# [Task details]
Give the listing again word for word, excluding the pictures it contains.

# [Exercise data]
# # # # # # #

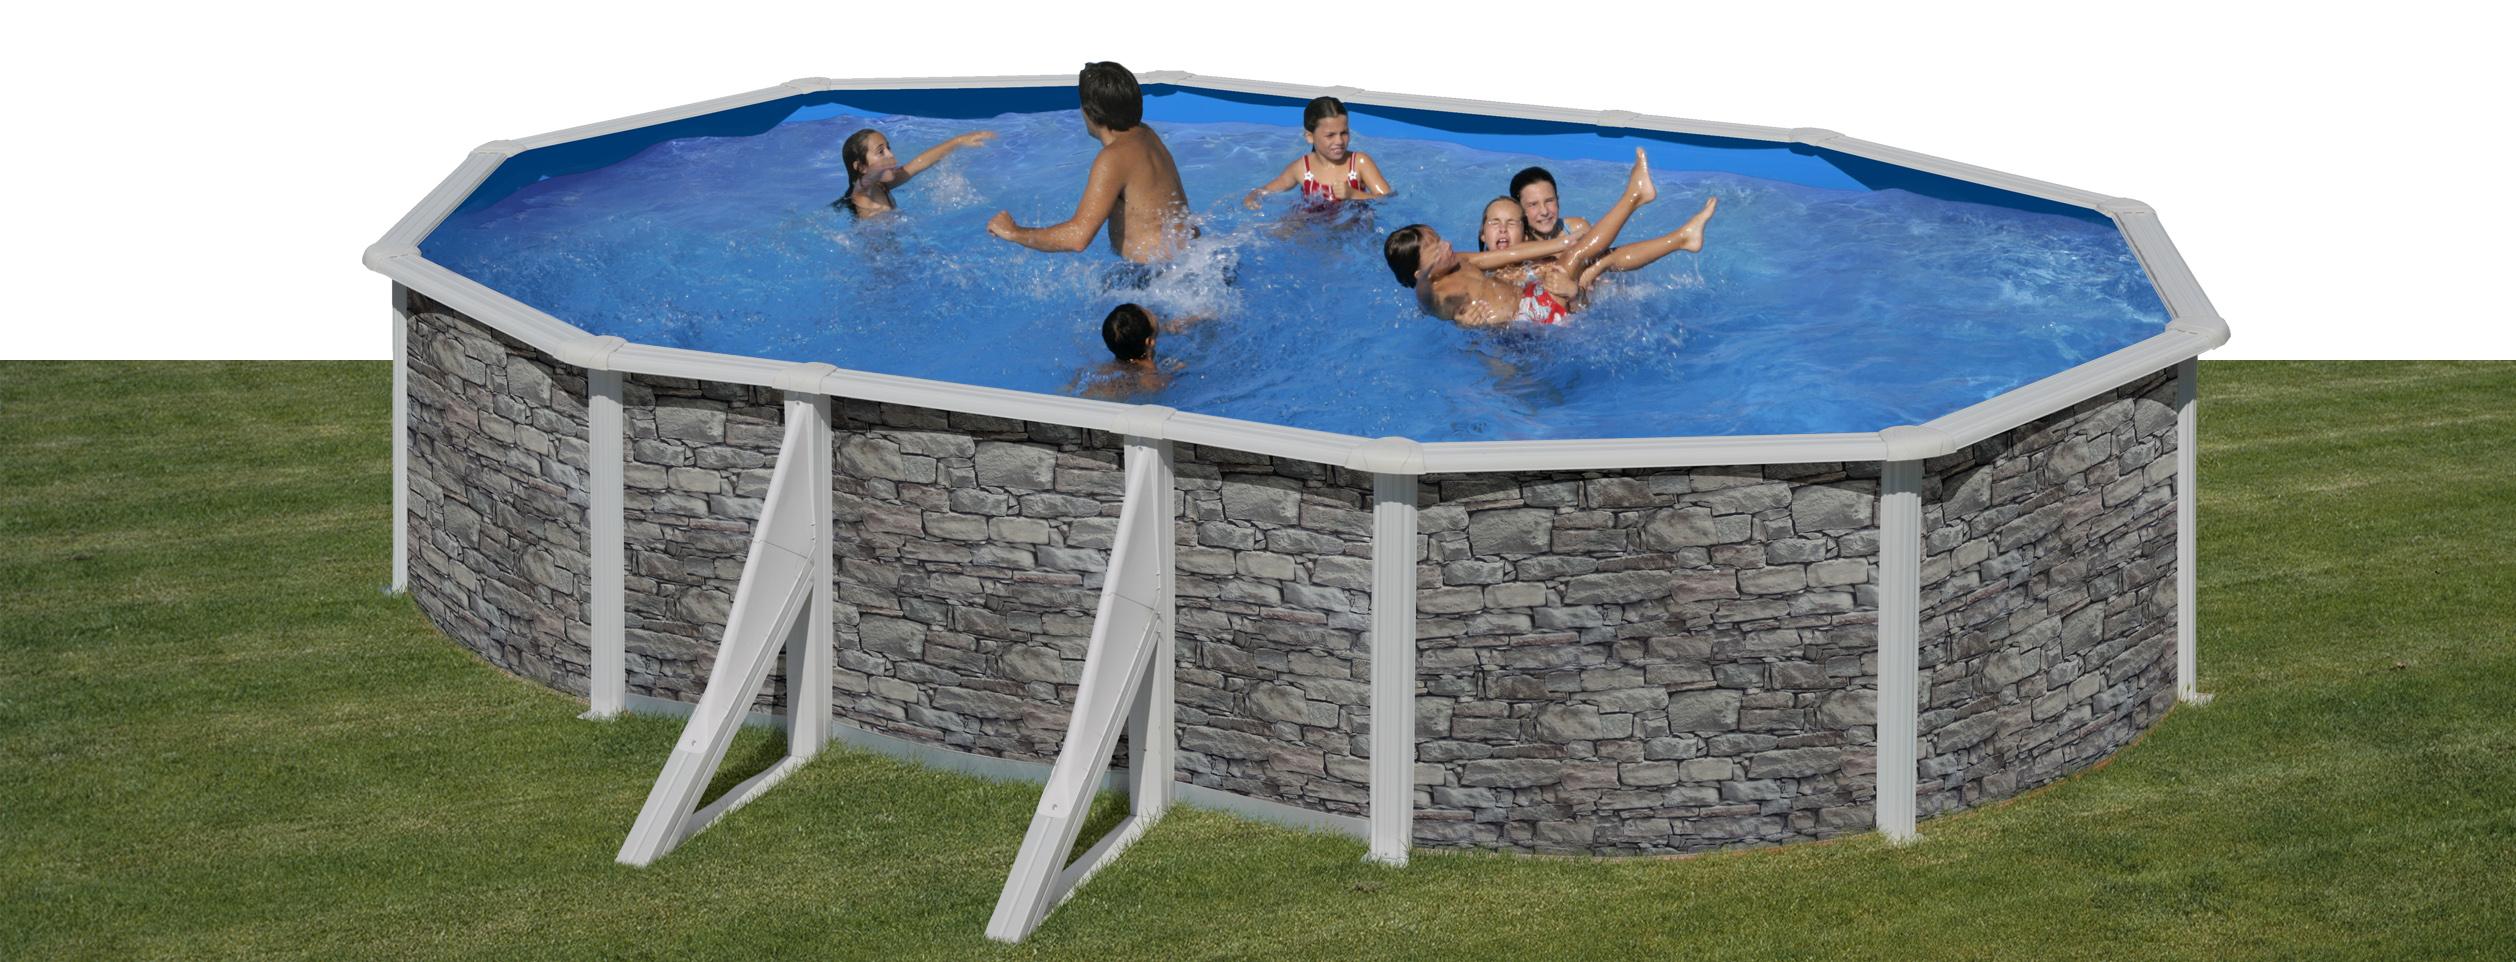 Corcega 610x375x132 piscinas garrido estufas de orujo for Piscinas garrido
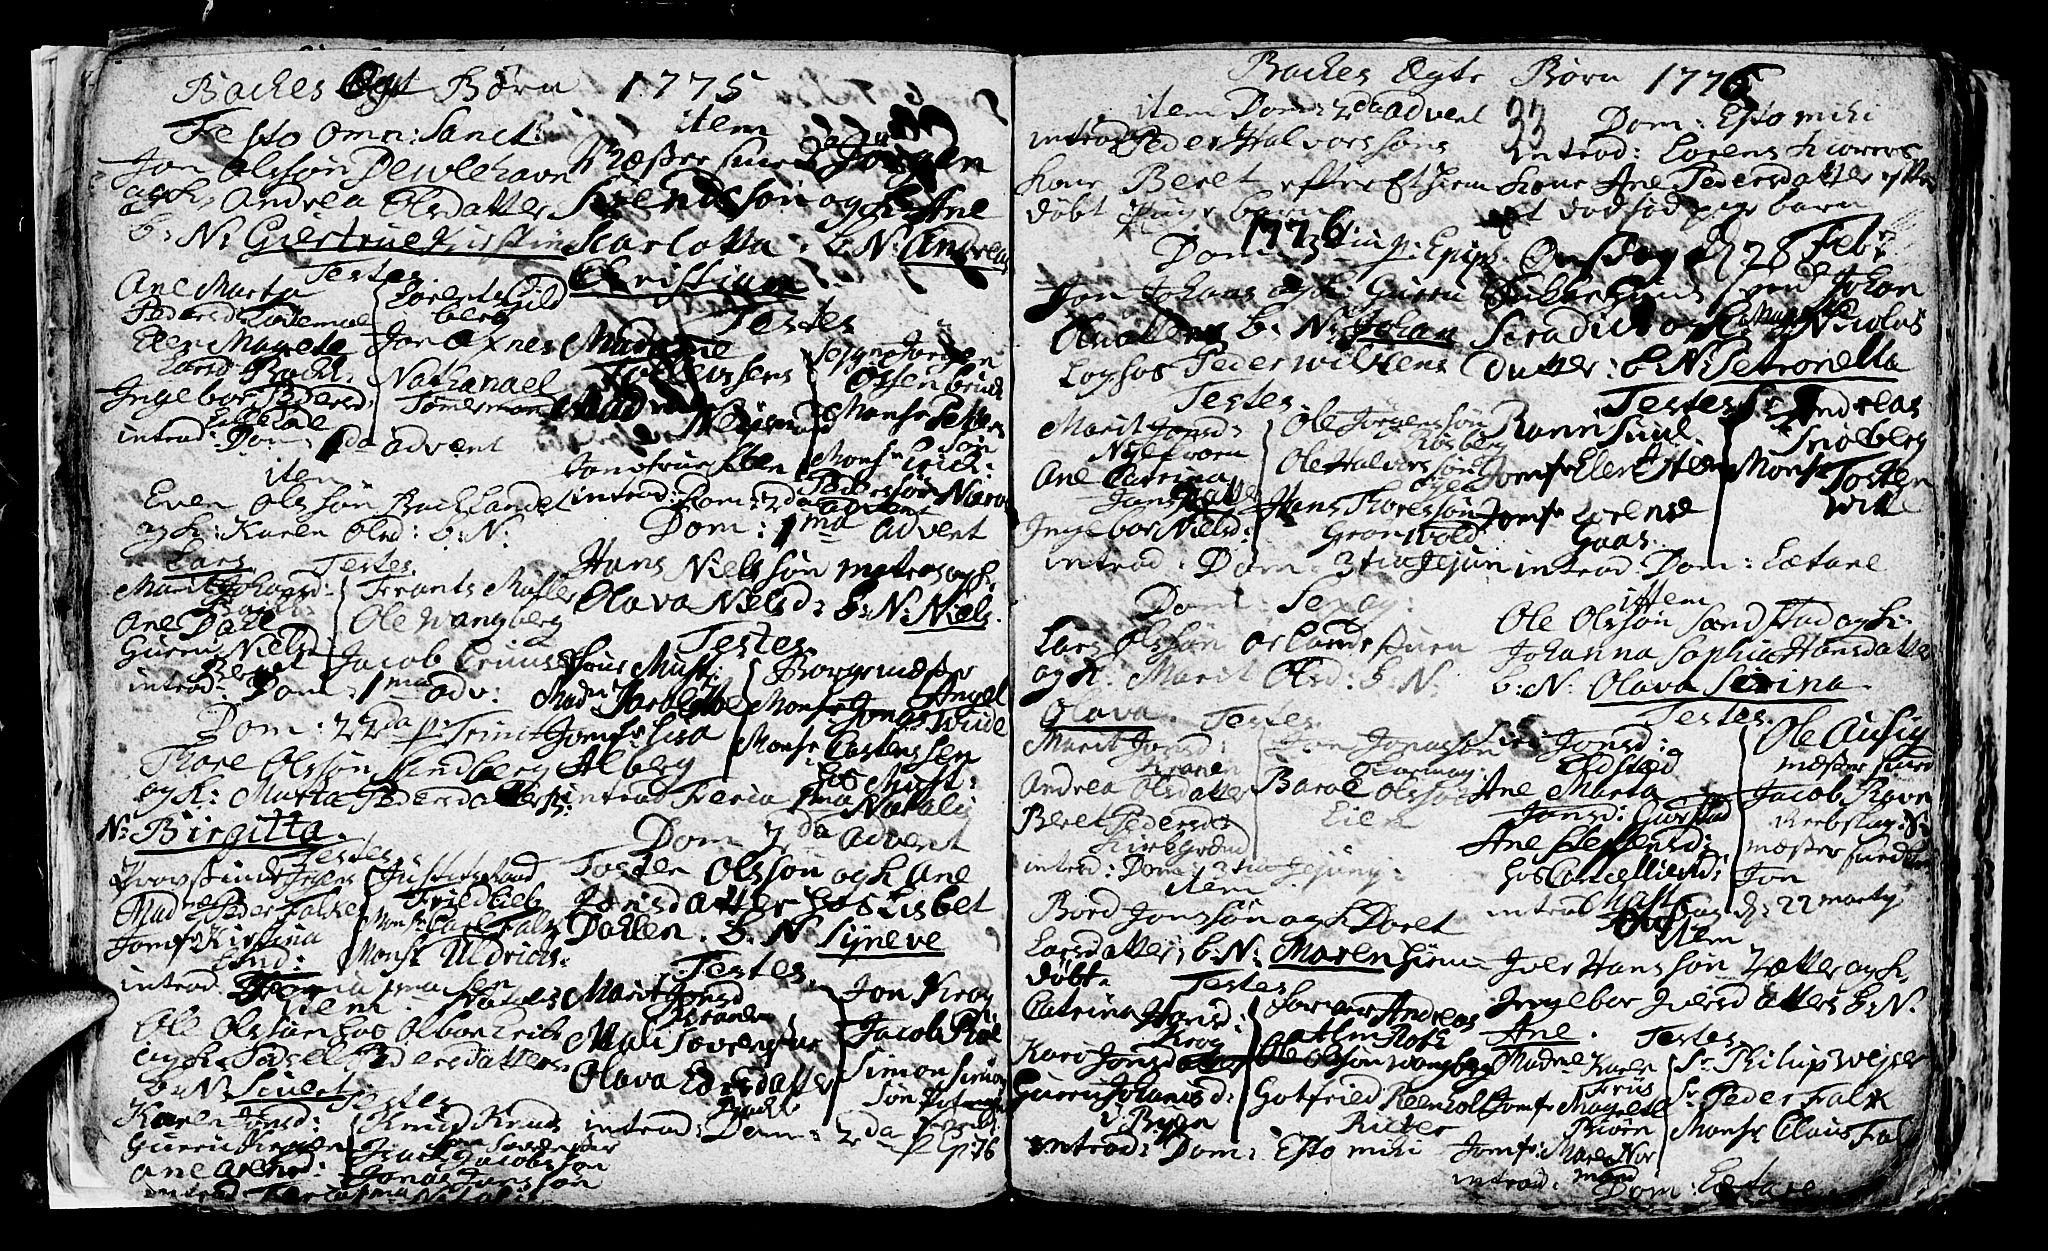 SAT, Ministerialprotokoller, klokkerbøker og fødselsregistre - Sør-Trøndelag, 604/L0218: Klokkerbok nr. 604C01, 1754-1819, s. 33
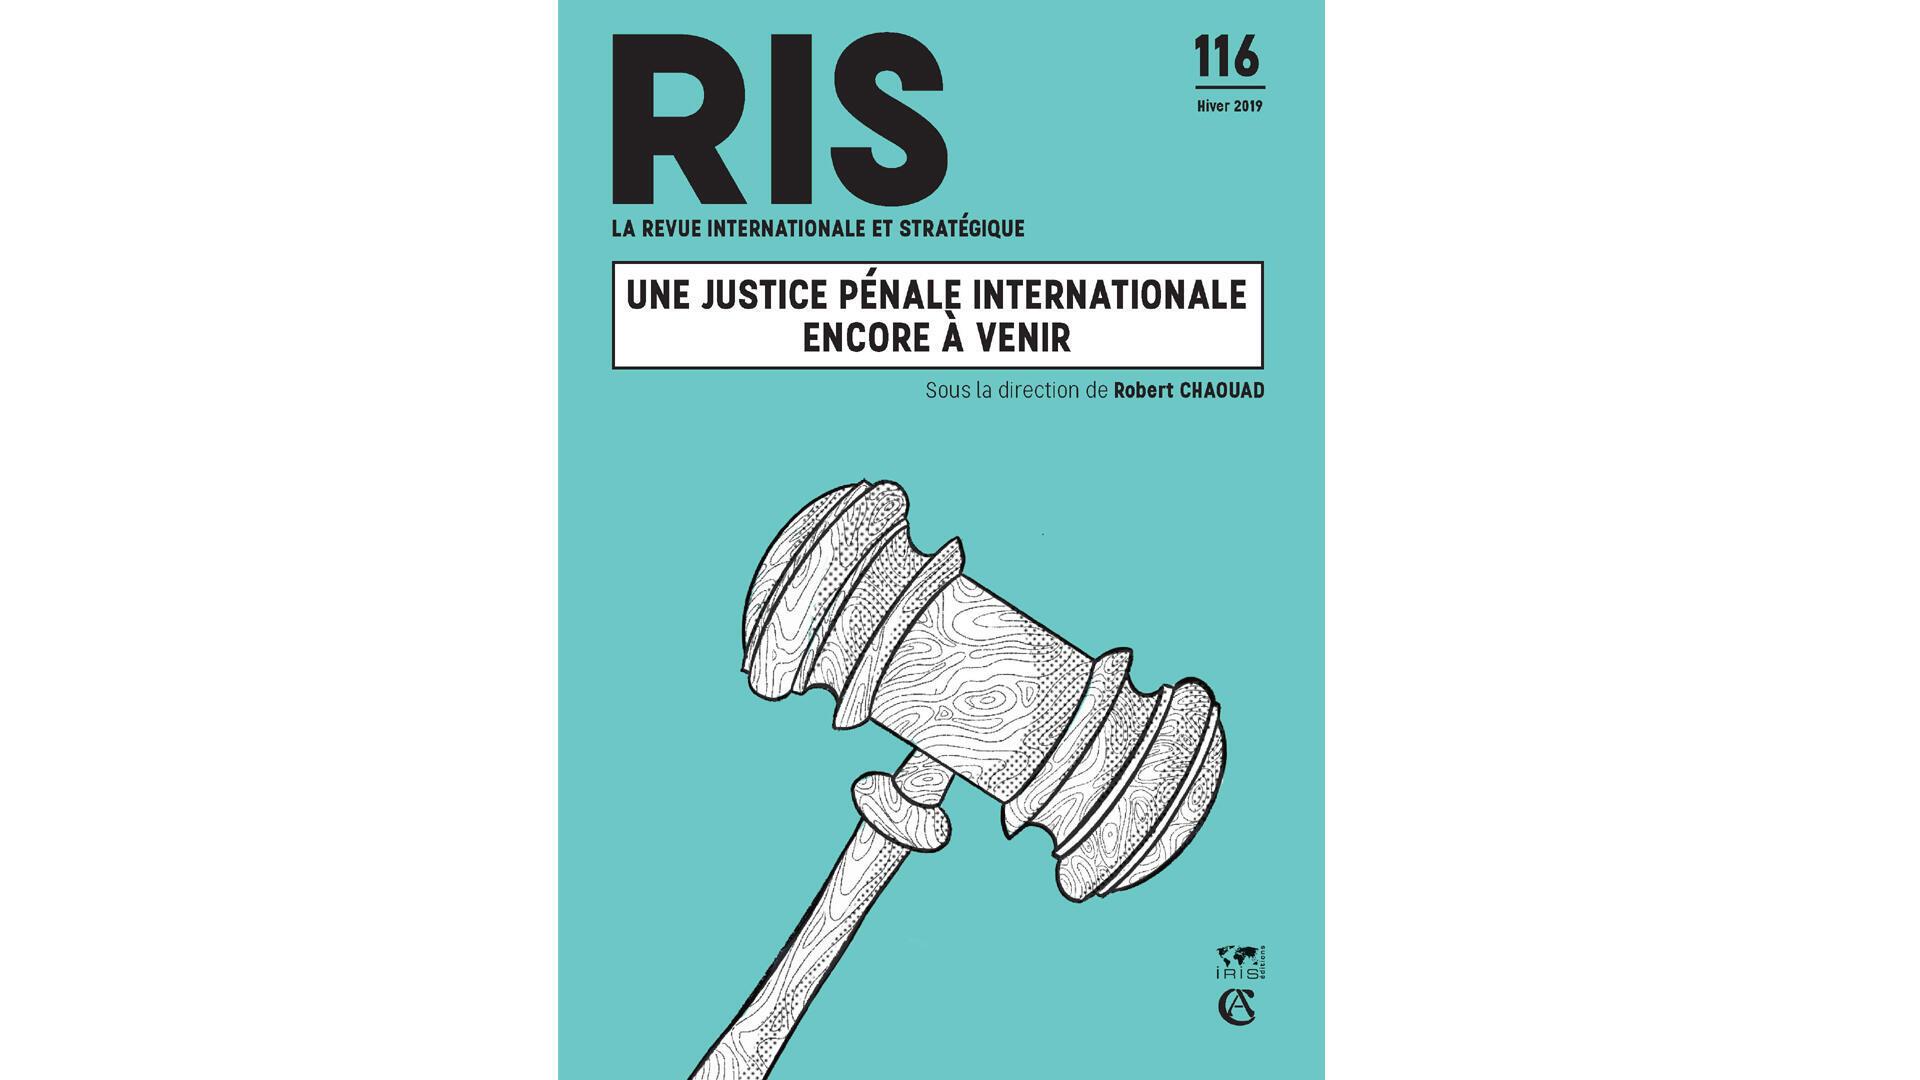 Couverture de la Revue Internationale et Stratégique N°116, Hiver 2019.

# # # # # # #

# [Answer to the exercise]
 Corcega 610x375x132 piscinas garrido estufas de orujo for Piscinas garrido
 SAT, Ministerialprotokoller, klokkerbøker og fødselsregistre - Sør-Trøndelag, 604/L0218: Klokkerbok nr. 604C01, 1754-1819, s. 33
 Couverture de la Revue Internationale et Stratégique N°116, Hiver 2019.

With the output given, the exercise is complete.